METHODS: This phenomenon was studied in a canine model of acute (60 min) pacing-induced atrial fibrillation followed by spontaneous reversion to sinus rhythm using epicardial and transesophageal pulsed wave Doppler. Unique features of the model include: 1) comparison of left atrial function postconversion to baseline sinus rhythm rather than to measurements during atrial fibrillation, 2) control of the duration of atrial fibrillation and 3) elimination of the extraneous influences of direct current shock and antiarrhythmic agents, which may independently depress left atrial function.
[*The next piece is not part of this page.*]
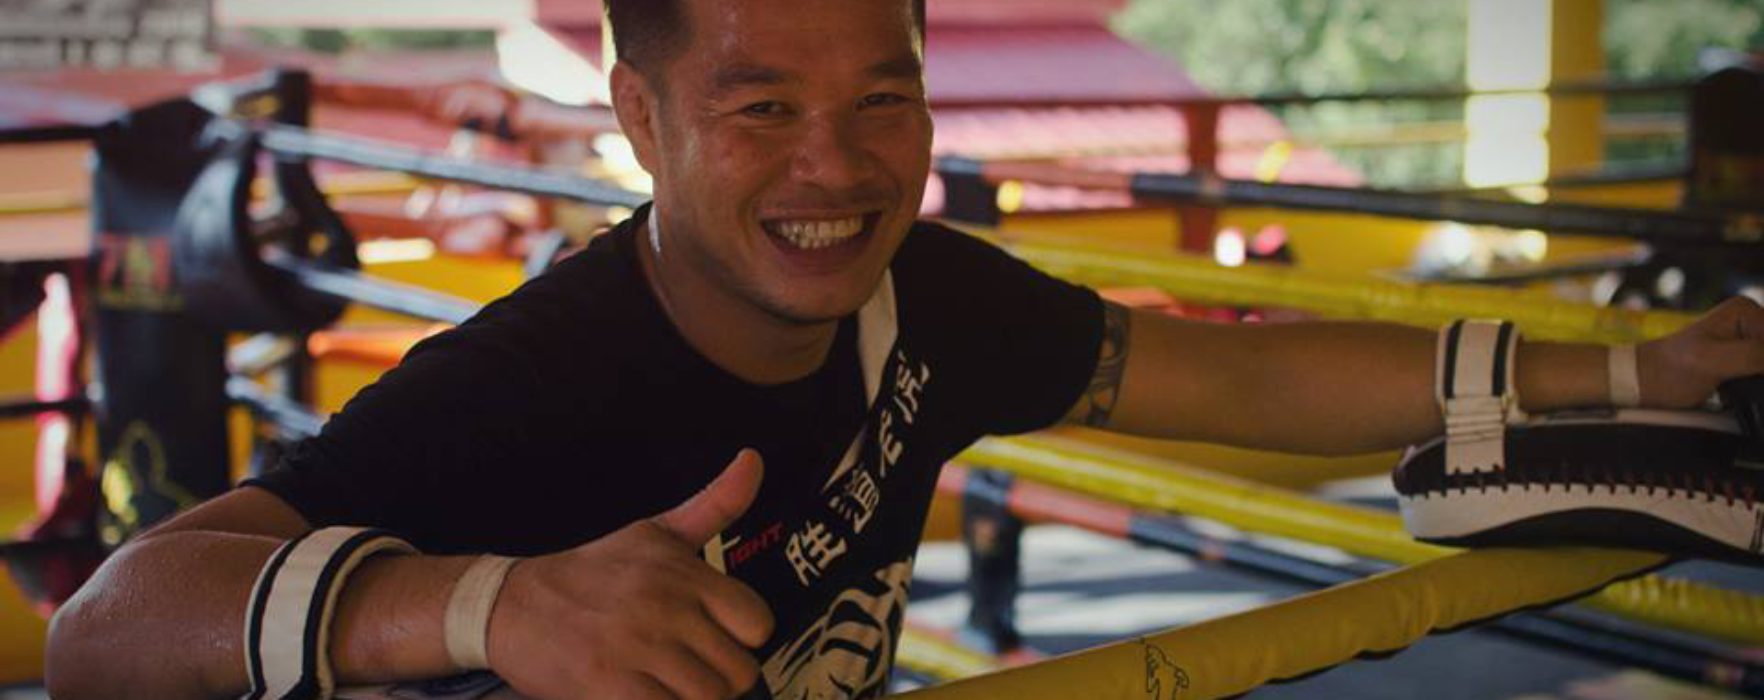 (Italiano) “Meet kru Tid”: un istruttore thailandese nel Bel Paese

RESULTS: Hemodynamic conditions (heart rate, mean arterial pressure, cardiac output, mean pulmonary artery pressure, mean right atrial pressure and mean left atrial pressure) at baseline, during 60 min of atrial fibrillation and after reversion to sinus rhythm were constant throughout the study period. Peak left atrial contraction velocities (measured from the transmitral flow velocity profile) were significantly (p < 0.02) reduced to 64+/-22% of baseline values upon spontaneous conversion of atrial fibrillation to sinus rhythm and recovered to basal values by 20 min after resumption of sinus rhythm. Peak left atrial appendage contraction velocities were significantly (p < 0.001) reduced to 49+/-24% of baseline values upon spontaneous conversion of atrial fibrillation to sinus rhythm and recovered to basal values by 40 min after reversion to sinus rhythm.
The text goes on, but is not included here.